Building life cycle forecast

You must have heard the famous saying “Sans teeth, sans eyes, sans taste, sans everything” from a monologue from William Shakespeare‘s As You Like It. Although this depicts the seven stages that a human life will undergo until his death, same thing applies for each and every inanimate thing. Nothing is permanent.

Each building has a life cycle. There are costs incurred throughout this cycle. The life cycle cost includes the following.

  1. Construction cost.
  2. Operation cost.
  3. Maintenance cost.
  4. Demolition cost.

With resources dwindling exponentially, it is more important than ever for engineers, designers, and policy makers to understand the full economic and environmental costs incurred by infrastructure project decisions. The impacts created by the choice of the materials selected in terms of the construction will affect both the organization  and the environment across the entire life cycle of a project. Hence, it is of utmost importance in terms of both finance and the environment to plan ahead in the construction of a buildings.
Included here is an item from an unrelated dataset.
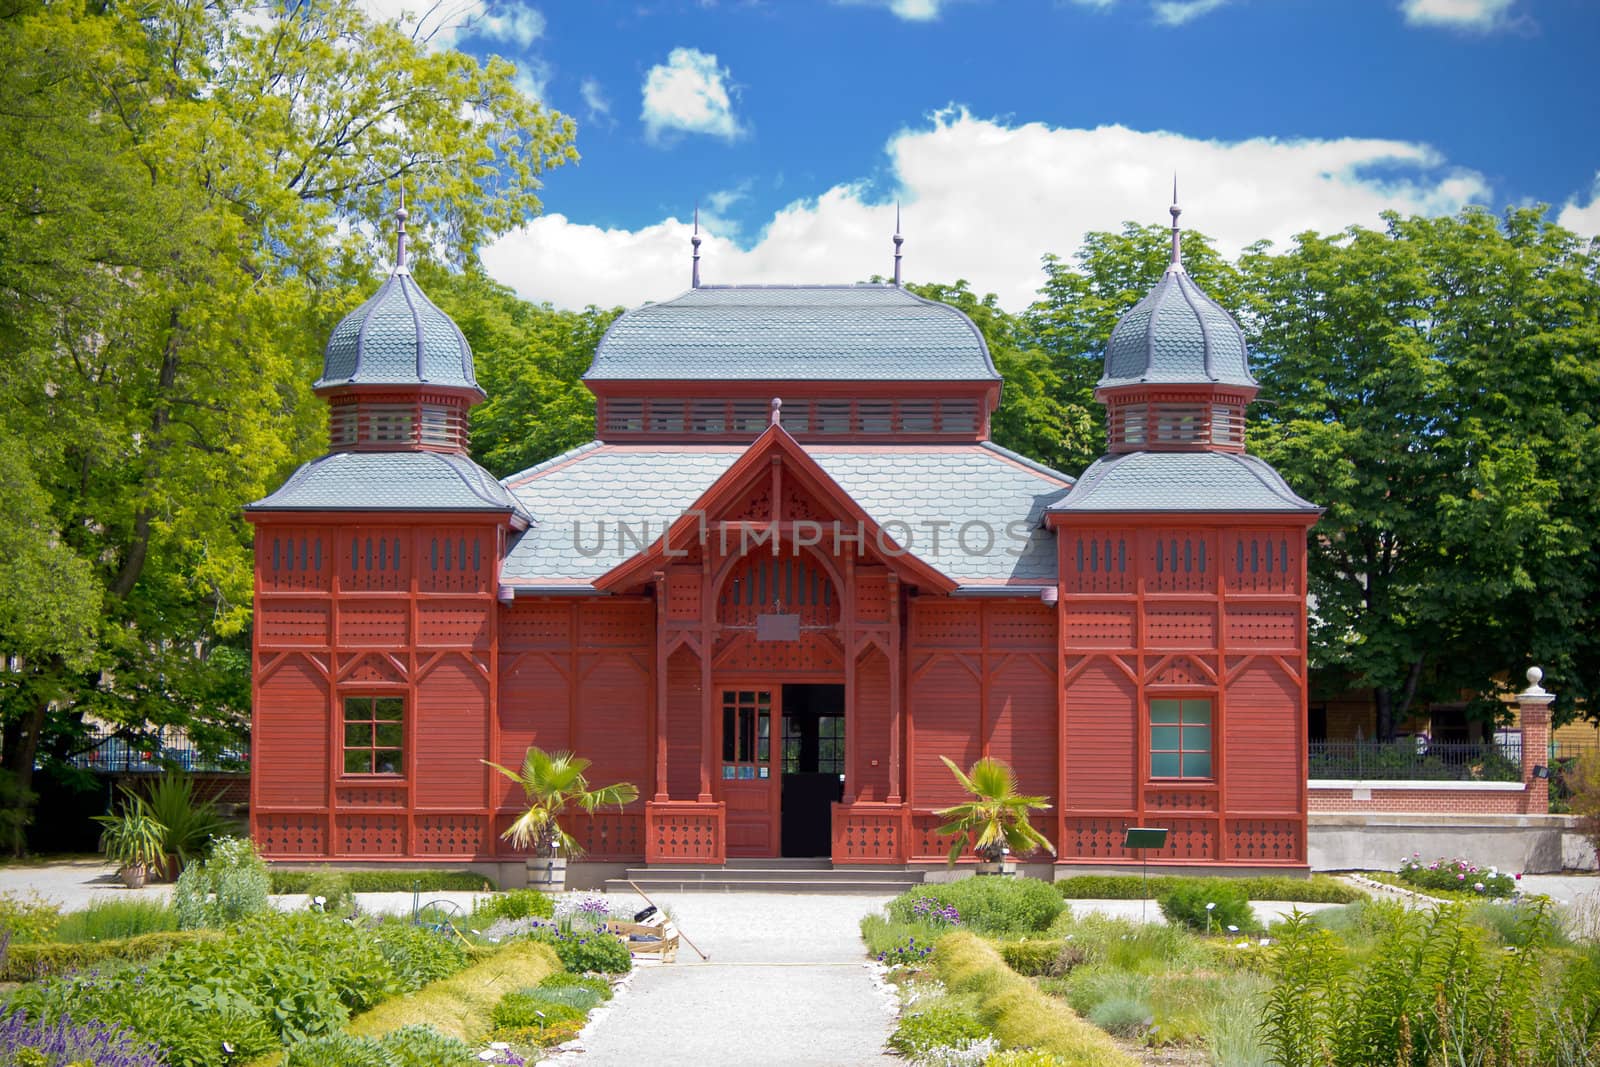 Croatian capital of Zagreb botanical garden red wooden public pavilion

Even before the construction of a building, it is  important to forecast the impact created on both the organization and the environment. If the operation cost seems to be much higher than anticipated and the organization will have to incur heavy losses in terms of finance, the organization will have to rethink whether it will create any create any financial gain in the long run. The impact created on the environment by buildings is significant. For an example,  in the United States, the heating, cooling, and operation of buildings and homes accounts for more than 40 percent of carbon dioxide emissions each year.
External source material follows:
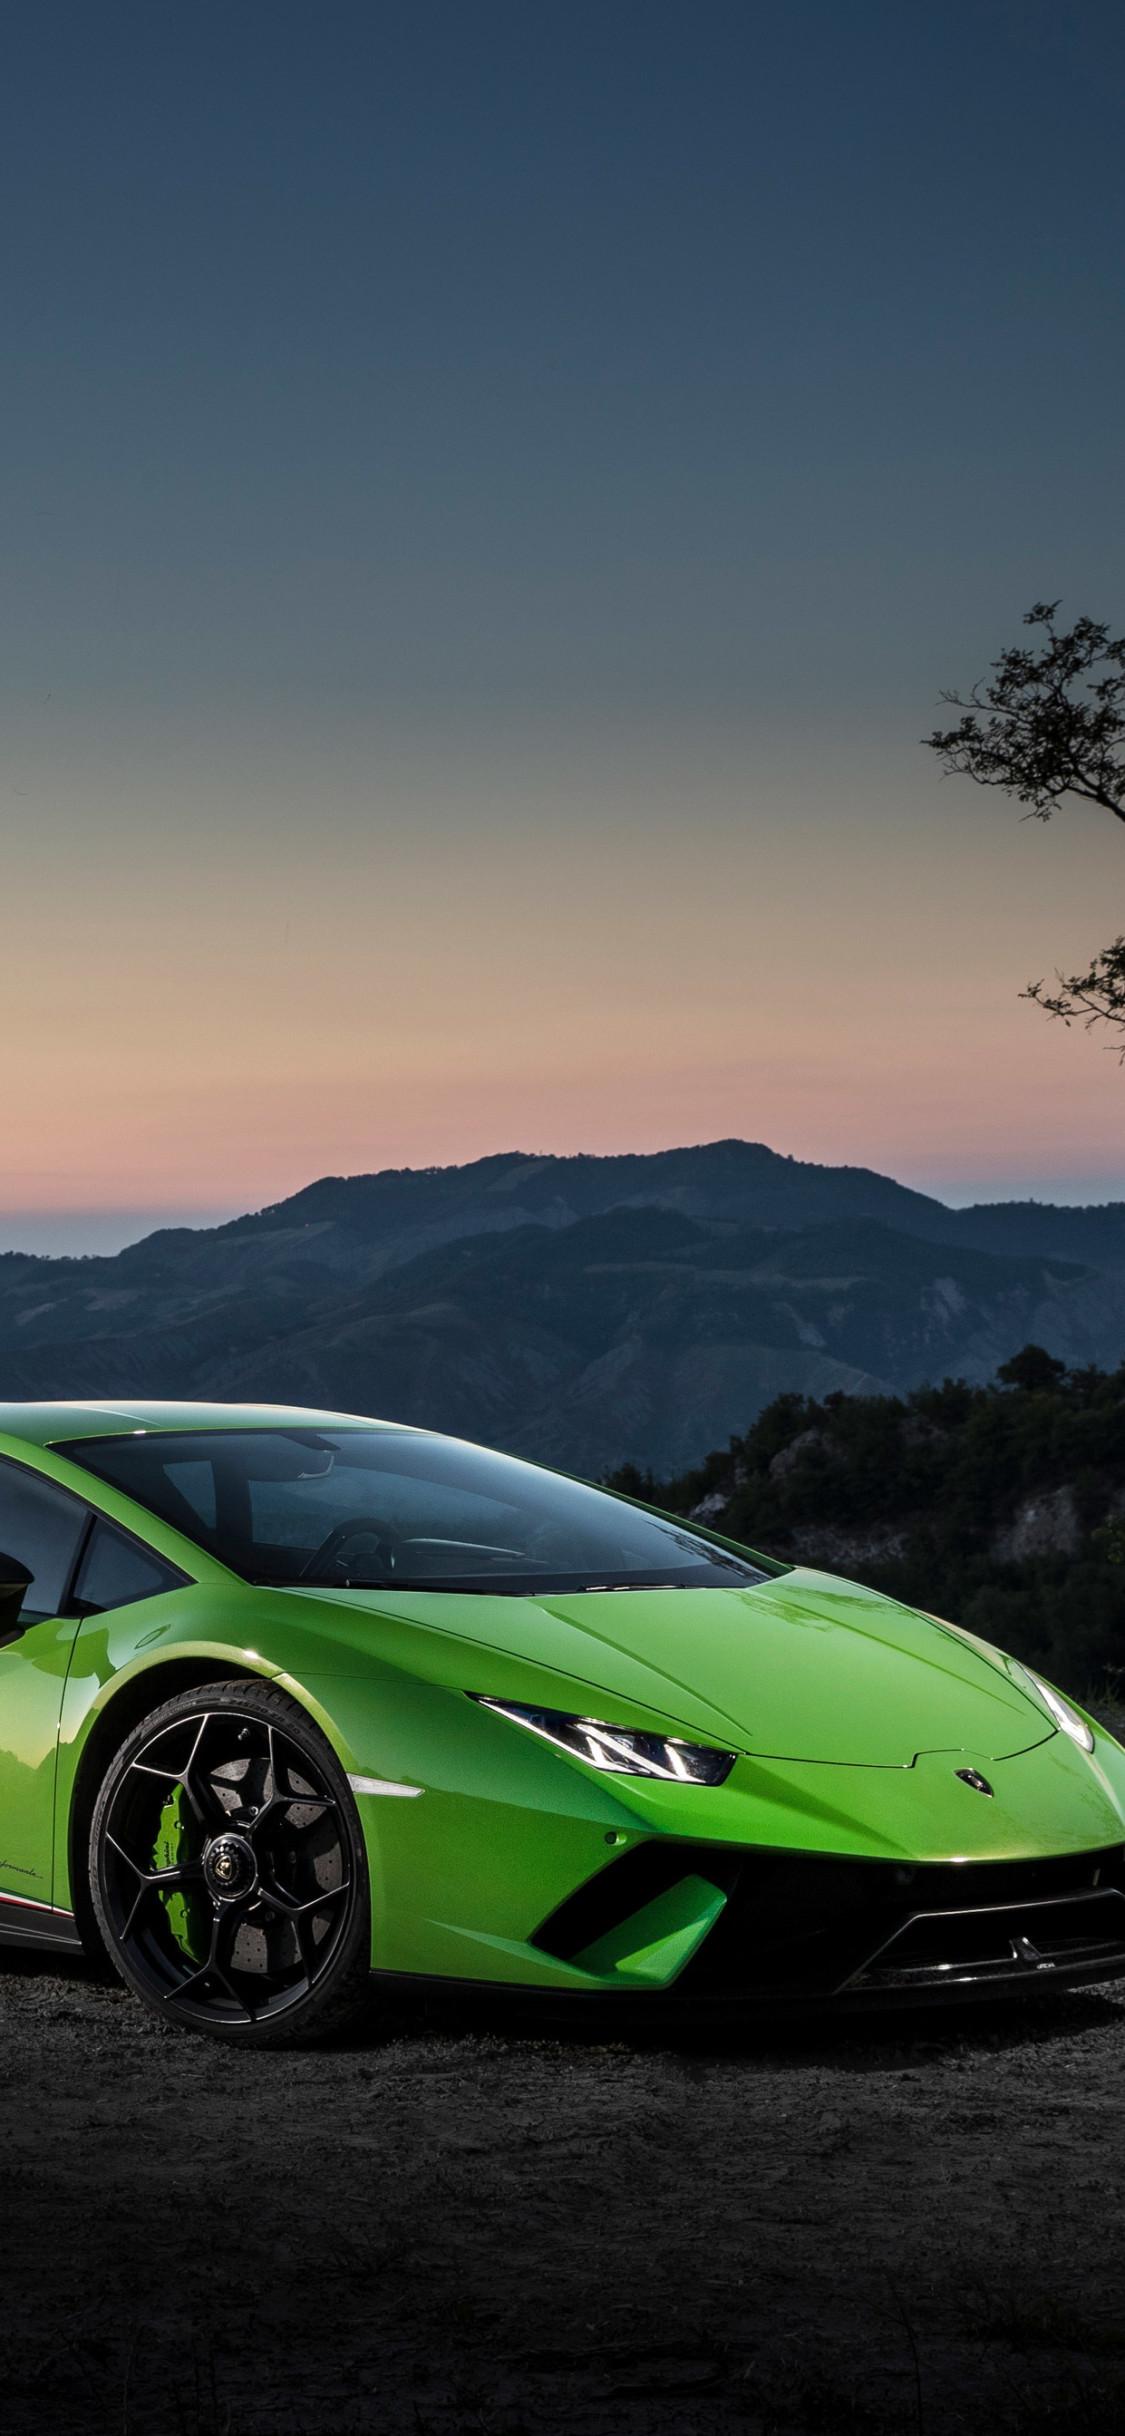 4k Lamborghini Huracan Performante iPhone XS

Operational costs include payments needed for energy, water, and other utilities. They are based on consumption, current rates, and price projections. Energy costs are often difficult to predict accurately in the design phase of a project. Factors like use profiles, occupancy rates, and schedules directly affect the energy consumption. At the initial design stage, data on the amount of energy consumption for a building can come from engineering analysis or from a computer program.

Maintenance costs can be quite difficult to predict like operational costs. Non-fuel operating costs, and maintenance and repair (OM&R) costs fall under this category. In terms of maintenance and repair, it is impossible to predict the lifetime of the assets due to the direct dependency with the amount of use. Operating schedules and standards of maintenance vary from building to building; there is great variation in these costs even for buildings of the same type and age. It is therefore especially important to use engineering judgment when estimating these costs.

Demolition cost is another important facet in the life cycle of a building. As previously said, all the buildings will have finite lifetimes, be it 30 years or 150 years. There will come a time when the buildings become unsafe to tenants. At that point in time, the organization will have no choice but to demolish the building. If the demolition of a building, there are specific rules and regulations to which you must adhere to in protecting both the people near the building as well as the environment. Hence, abiding to these rules and regulations will incur a lot of money. Hence, planning becomes essential.

A life cycle cost analysis can be applied to any capital investment decision in which relatively high initial costs are preferred for much lower future operation, maintenance, and repair costs. It is particularly suitable for the evaluation of building designs as long term cost effectiveness reigns over the initial costs incurred. The benefits of such an analysis are as follows. 

  1. Making the optimum use of the funds allocated.
  2. Avoidance of violations of regulatory compliance regulations.

Simply said, it is better to plan ahead focusing on the long run instead of the short run.